Typically we will want to use column-vectors instead of row-vectors. If we want to save vertical space we can use the transpose of the column vector:

$$\begin{align} \begin{bmatrix} x \\ y \\ z \end{bmatrix} =\begin{bmatrix} x, y, z \end{bmatrix}^{T} \end{align}$$

You can read a vector in two ways: As a position, and as a direction. However, it is very important to remember that a vector in and of itself is meaningless. You can only understand a vector given its' surrounding context. That is, the coordinate system (also called coordinate frame). You generally need to know the origin to understand how many units the vector moves across each axis.

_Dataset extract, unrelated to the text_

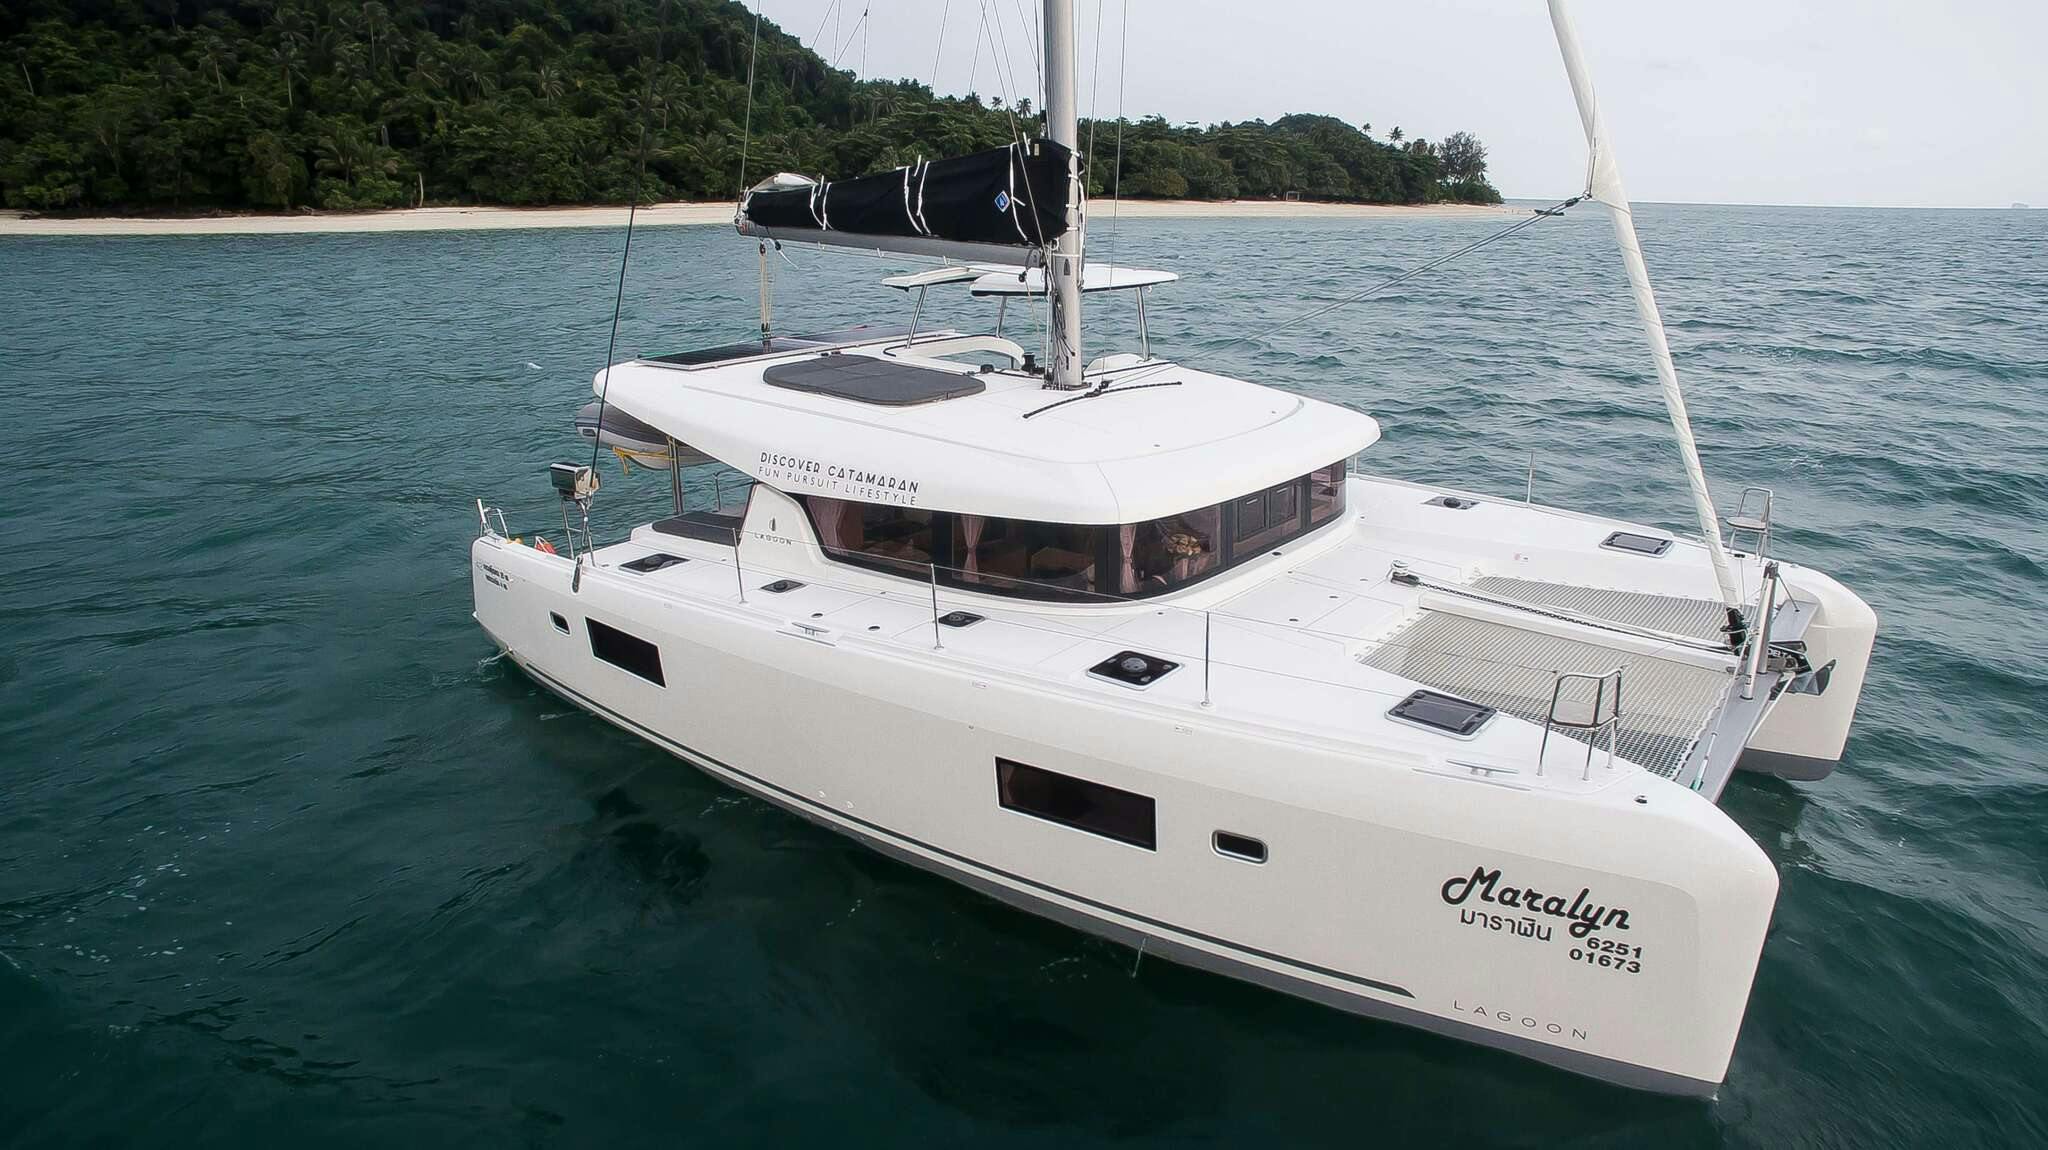 Lagoon 42 - Yacht Charter Phuket & Boat hire in Thailand Phuket Ao Po Grand Marina 1

If you have two vectors that exist in separate coordinate frames, one of them has to be translated to the others' coordinate frame!

Notation

In math, vectors are generally denoted as:

$$\begin{align} \overrightarrow{a} &= \begin{bmatrix} x \\ y \\ z \end{bmatrix} \end{align}$$

But in graphics vectors are usually denoted by bold letters such as:

$$\begin{align} \boldsymbol{a} &= \begin{bmatrix} x \\ y \\ z \end{bmatrix} \end{align}$$

Also, the value for each axis is usually denoted as a subscript of the vector like this:

$$\begin{align} \boldsymbol{a} &= \begin{bmatrix} a_x \\ a_y \\ a_z \end{bmatrix} \end{align}$$

The length of a 3D vector is defined as:

$$\begin{align} \boldsymbol{a} &= \sqrt{a_{x}^2+a_y^2+a_z^2} \end{align}$$

This can be done for vectors of any dimension. In general the length of the vector is the square root of the sum of each individual part squared. Whew! That's a mouthful. But its really not that bad, you just square the x-coordinate, the y-coordinate etc. Then you add them all together and take the square root! Easy peasy :)

The least important notion (but not notation per se) is that of the unit vector. This is simply a vector that moves one single unit along its' direction. It looks a little like this:

$$\begin{align} |\boldsymbol{a}| &= 1 =\begin{bmatrix} 1 \\ 1 \\ 1 \end{bmatrix} \end{align}$$

Operations

In the context of super basic graphics math, we are mostly concerned with the Dot product and the cross product. But there are some other operations that we will look at before we get into it.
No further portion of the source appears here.